Quello riservato ai temi economici è il più corposo capitolo del programma unionista, in quanto occupa il quadruplo dello spazio rispetto a tutti gli altri (oltre ottanta pagine contro una media di venti-venticinque). Se tale dato comparativo rispecchiasse la gerarchia di priorità enucleata nel manifesto politico, l’economia assurgerebbe quindi a “piatto forte” non solo della futura agenda di governo, ma più in generale della piattaforma culturale espressa dalla sinistra. Una scelta discutibile – piaccia o non piaccia, col tempo l’andamento dei mercati prescinderà sempre di più dalle misure legislative adottate per tentare di pilotarlo: in futuro i temi dirimenti saranno quelli etici – ma coerente con la tattica di insistere sul terreno politico che più di ogni altro ha rivelato la debolezza del governo che stiamo per salutare.
Con la sua memorabile “discesa in campo” del ‘94, il Cav. prometteva ai moderati una konservative revolution sulle orme della controriforma antistatalista attuata dalla Thatcher nell’Inghilterra anni ‘80. Privatizzazioni, concorrenza e detassazione avrebbero senz’altro liberato la sinistra da ogni residua nostalgia socialdemocratica; nel giro di dieci anni Silvio B. avrebbe incoronato re Massimo D’A., nel frattempo convertitosi al “mercatismo compassionevole” causa forza maggiore; Giuliano Ferrara avrebbe vissuto felice e contento l’avverarsi di tutti i suoi sogni amendoliani.
Sappiamo com’è andata.

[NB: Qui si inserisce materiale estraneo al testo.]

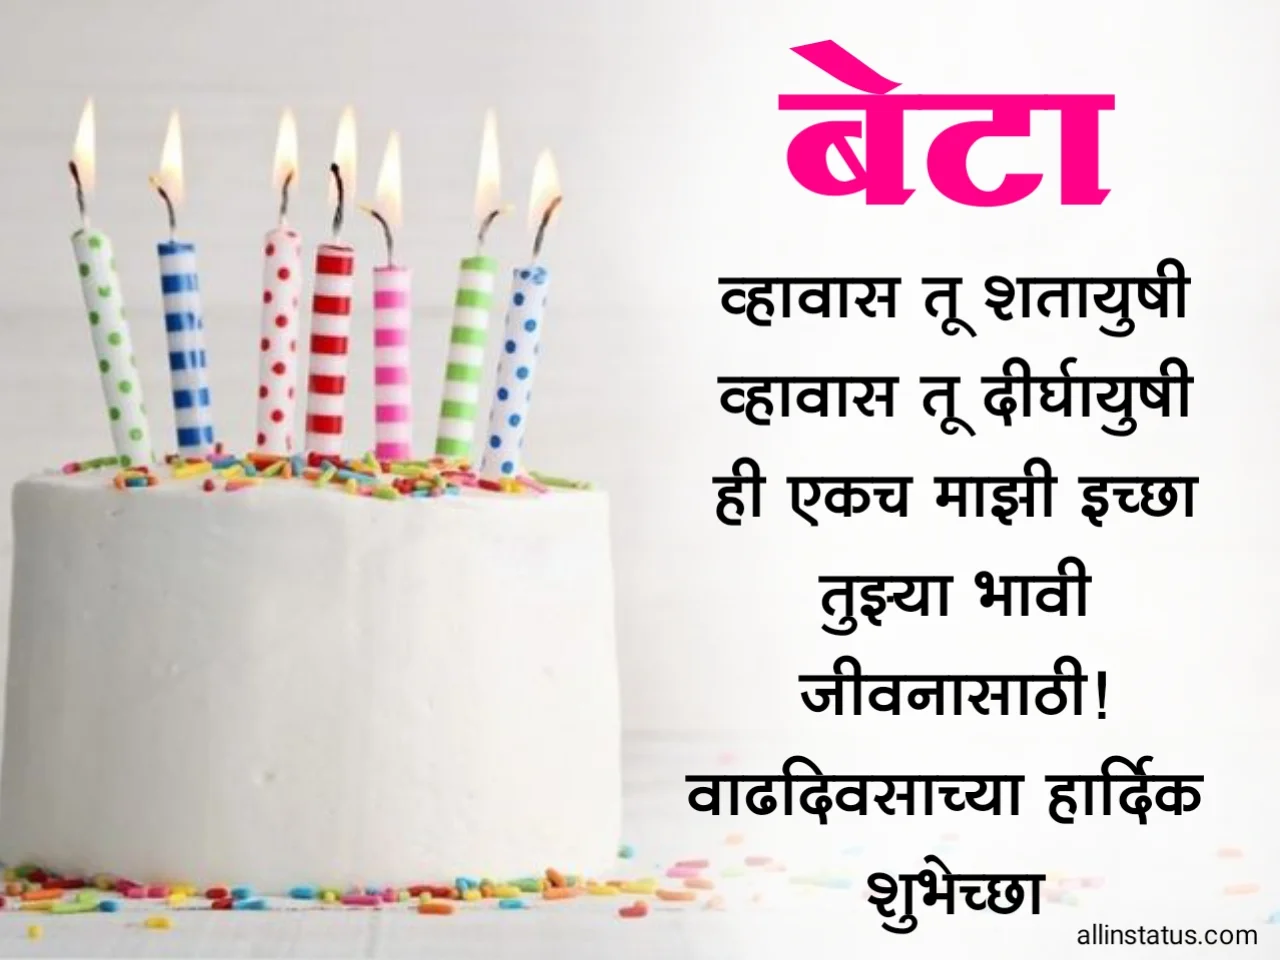 Happy Birthday wishes for son in marathi

Il colpo di mano della strana coppia Scalfaro-Bossi ha impedito al centrodestra di governare negli anni ’90 (quando, sia pure in ritardo, certe riforme si sarebbero ancora potute fare), rimandandone la salita al potere al 2001 (quando, numeri alla mano, al Senato avrebbe dovuto vincere la sinistra!). L’asse Fini-Follini ha fatto il resto, senza dimenticare il monetarismo strabico applicato dalla Banca Centrale Europea.
Malgrado quanto ripercorso, non senza sorprendermi l’Unione appronta un piano di politica economica ricco di spunti interessanti. Come vedremo, il vero disagio emerge dal bagno di ambiguità e omissioni al quale essi vengono continuamente sottoposti.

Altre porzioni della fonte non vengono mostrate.